• **Exercise data**:

━━━━━━━━━━

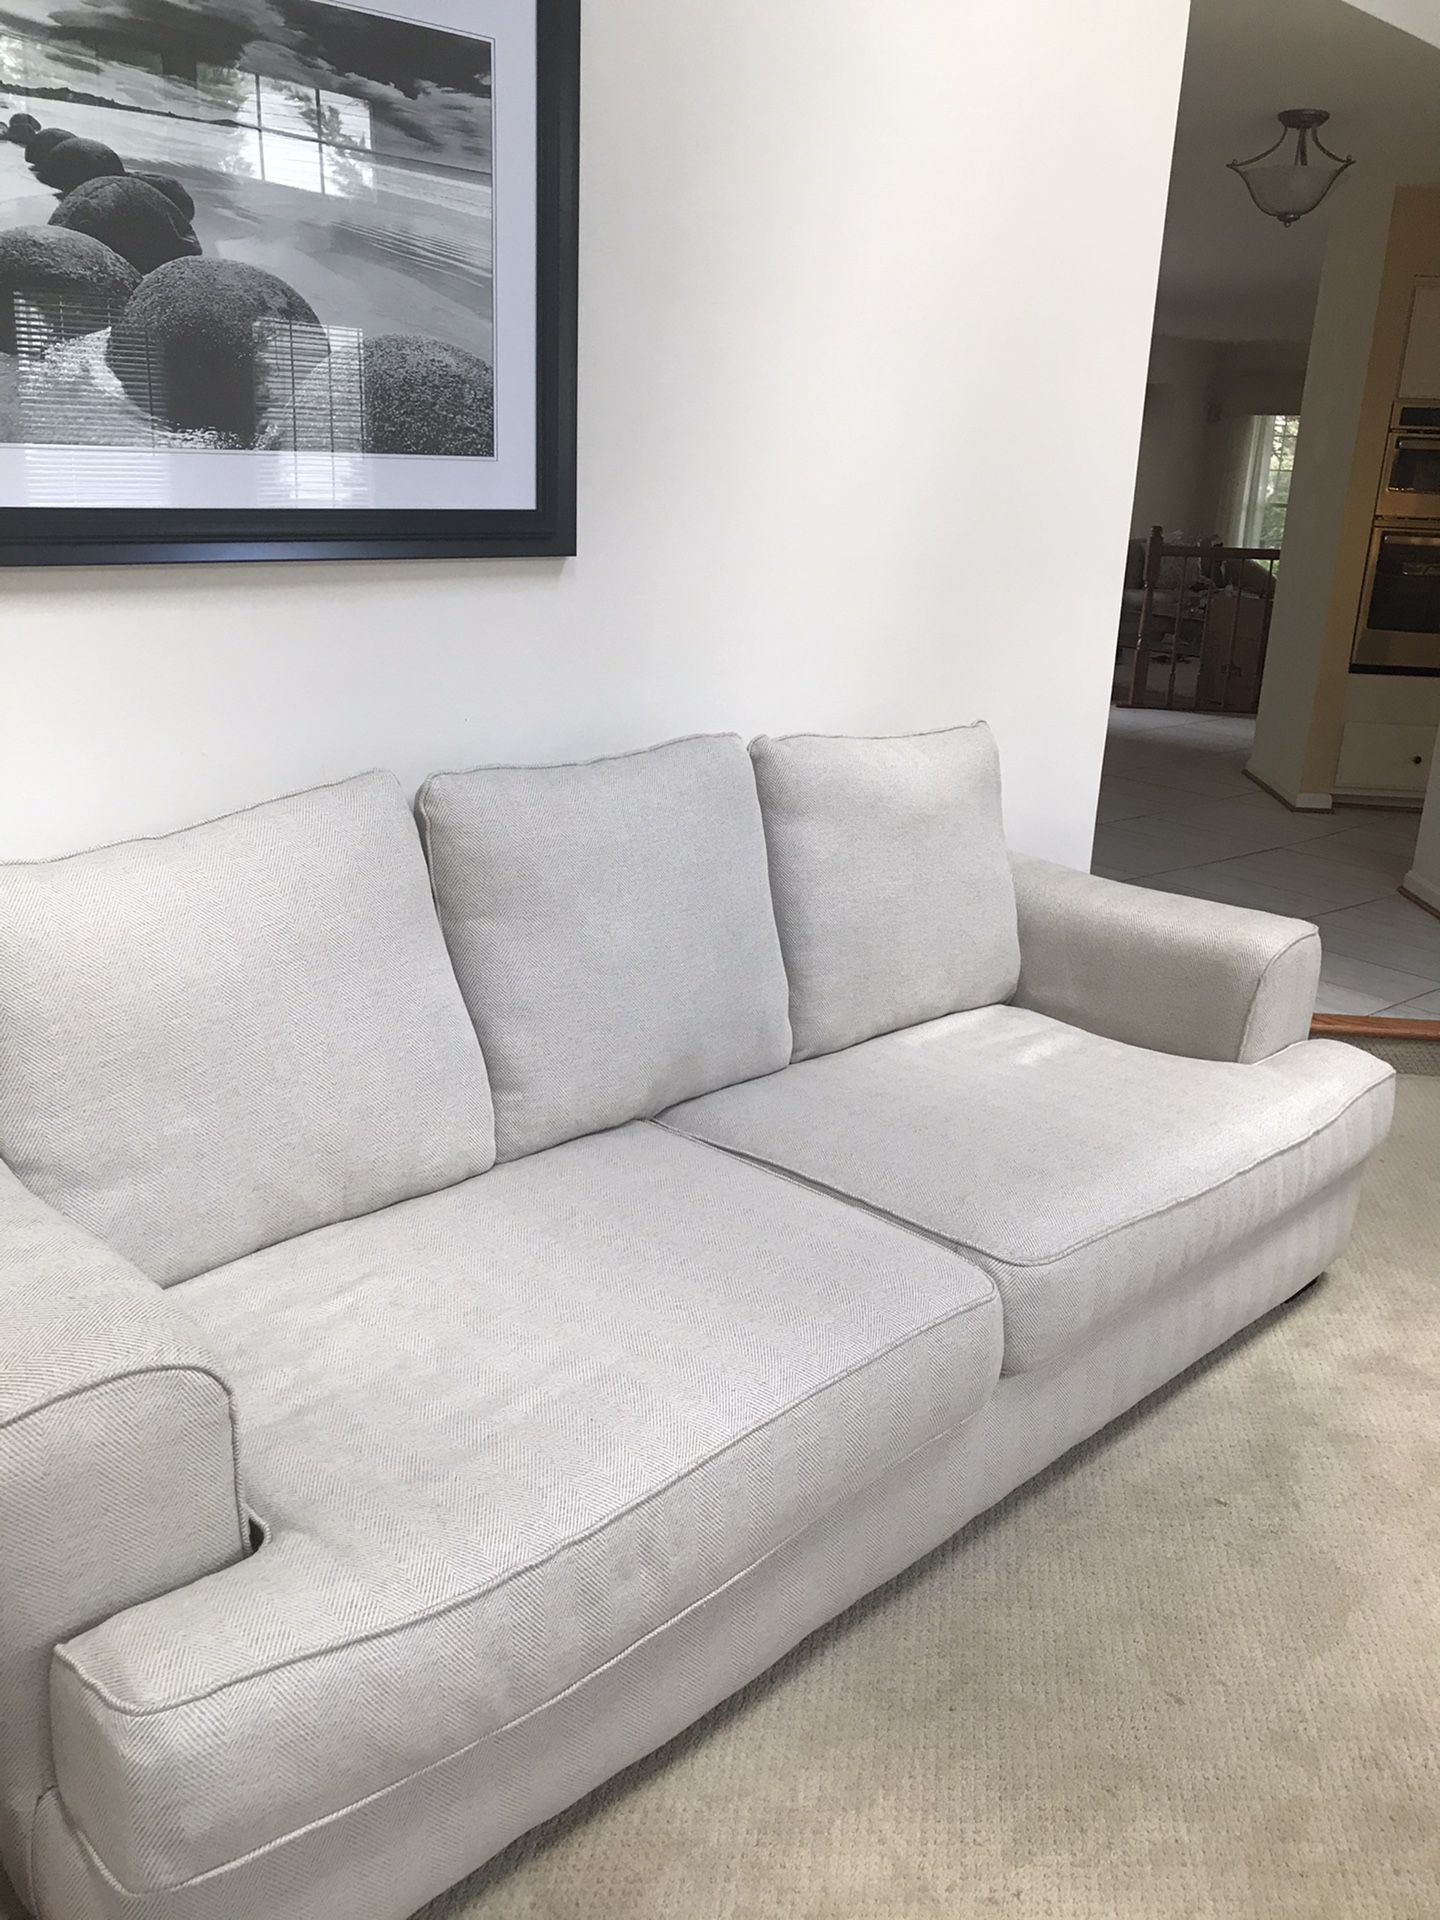 Sofa with large I am chair excellent condition six months old
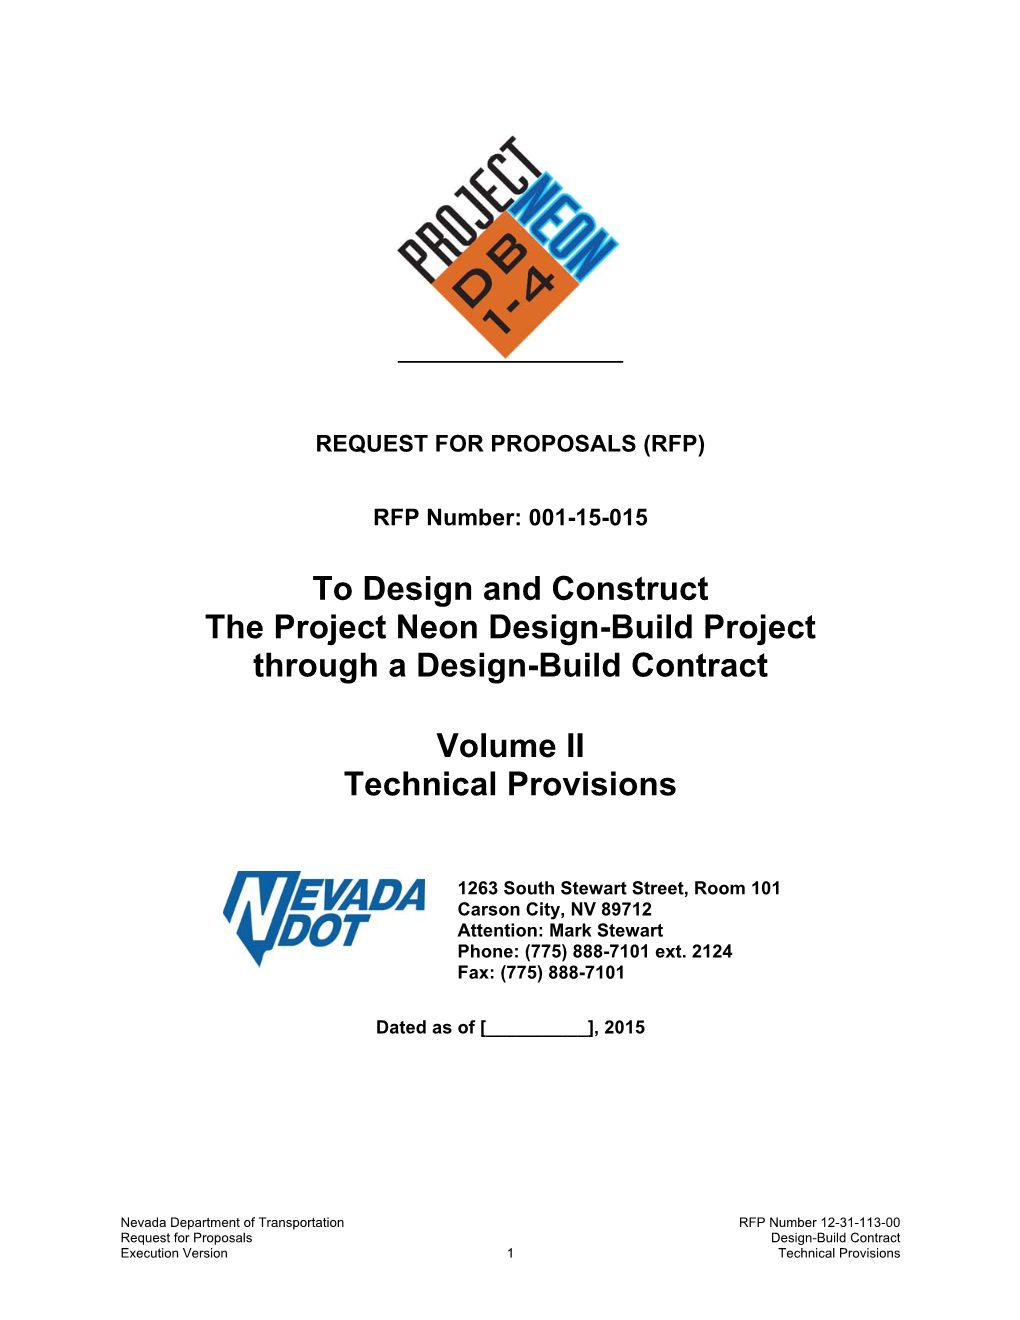 To Design and Construct the Project Neon Design-Build Project Through a Design-Build Contract
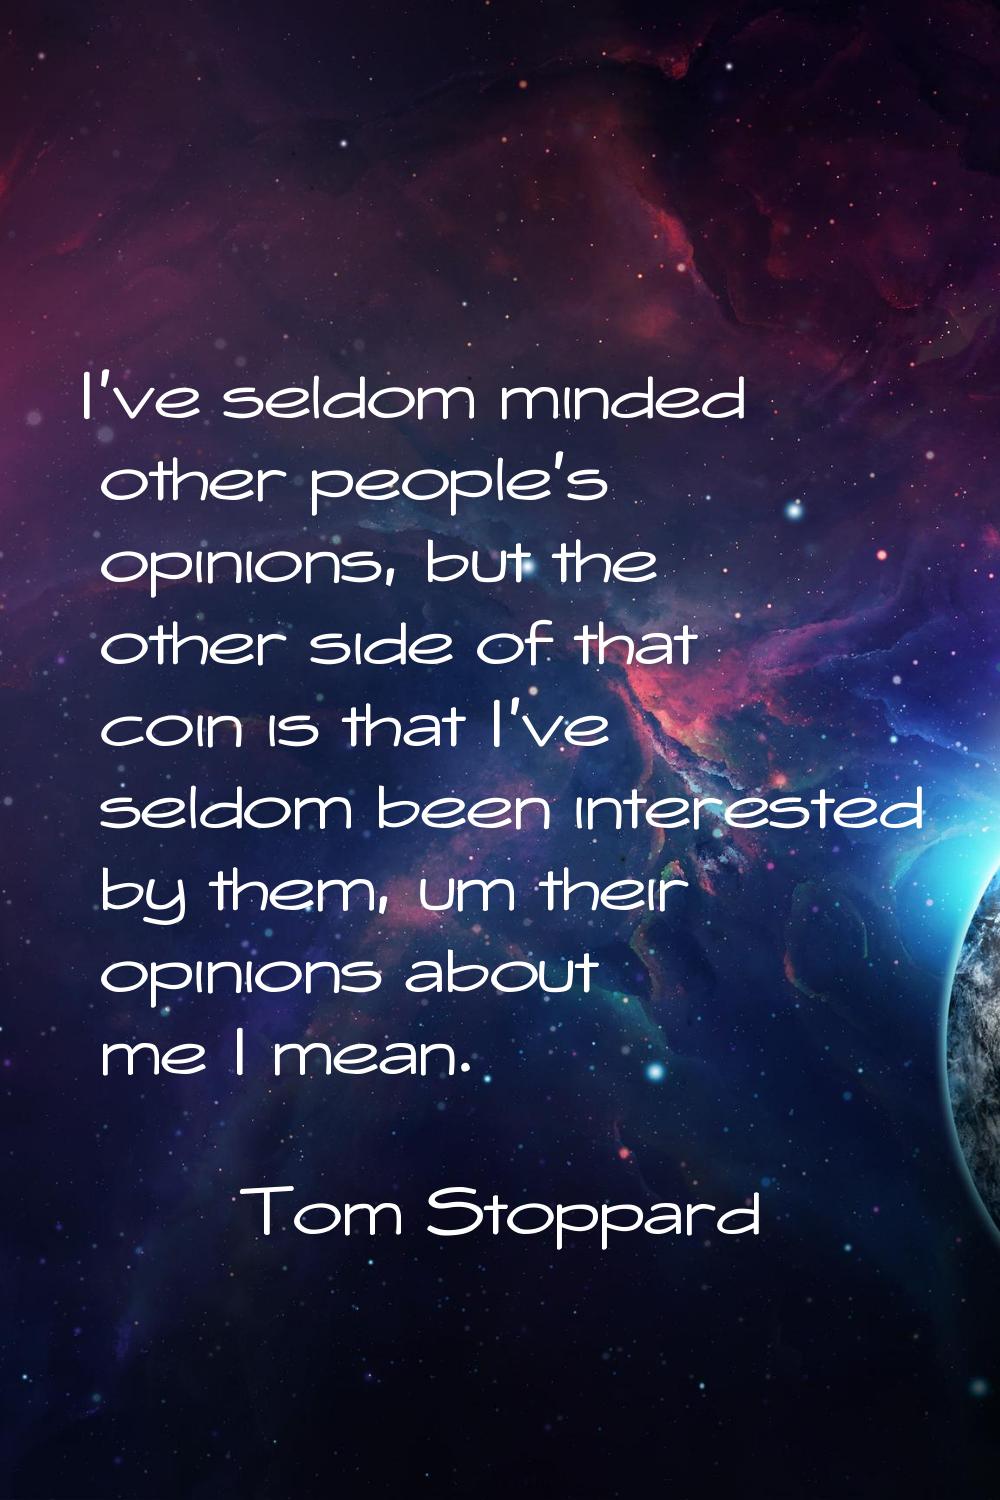 I've seldom minded other people's opinions, but the other side of that coin is that I've seldom bee
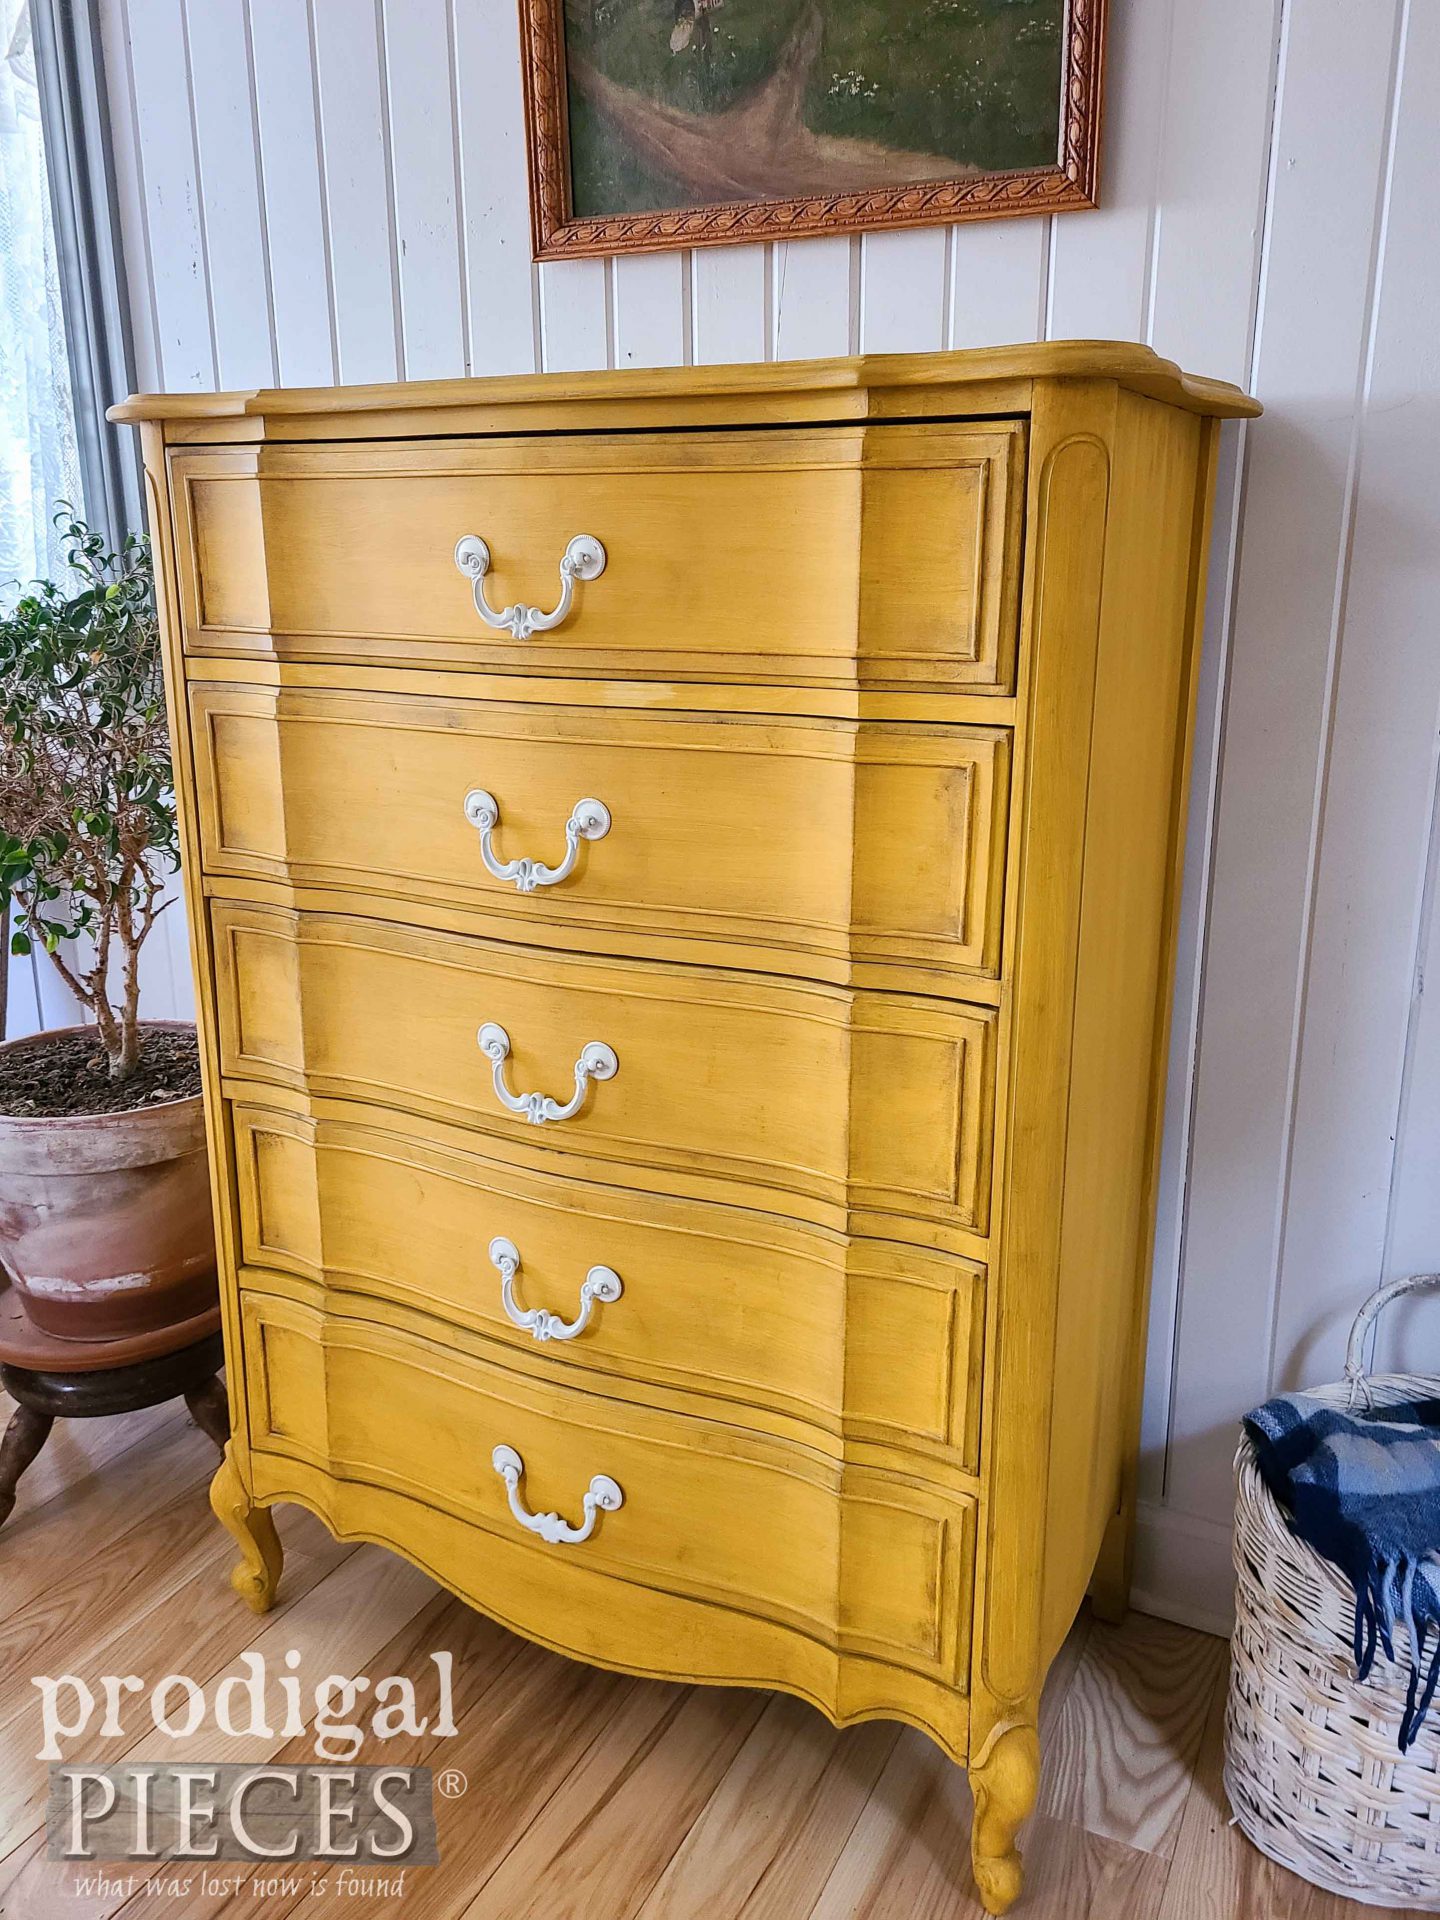 Vintage Yellow Chest of Drawers by Larissa of Prodigal Pieces | prodigalpieces.com #prodigalpieces #yellow #furniture

━━━━━━━━━━

• **What is being asked**:
All the material shown above is to be copied exactly, with no pictures carried over.

• **Result for this exercise**:
 Sofa with large I am chair excellent condition six months old
 To Design and Construct the Project Neon Design-Build Project Through a Design-Build Contract
 I've seldom minded other people's opinions, but the other side of that coin is that I've seldom bee
 Vintage Yellow Chest of Drawers by Larissa of Prodigal Pieces | prodigalpieces.com #prodigalpieces #yellow #furniture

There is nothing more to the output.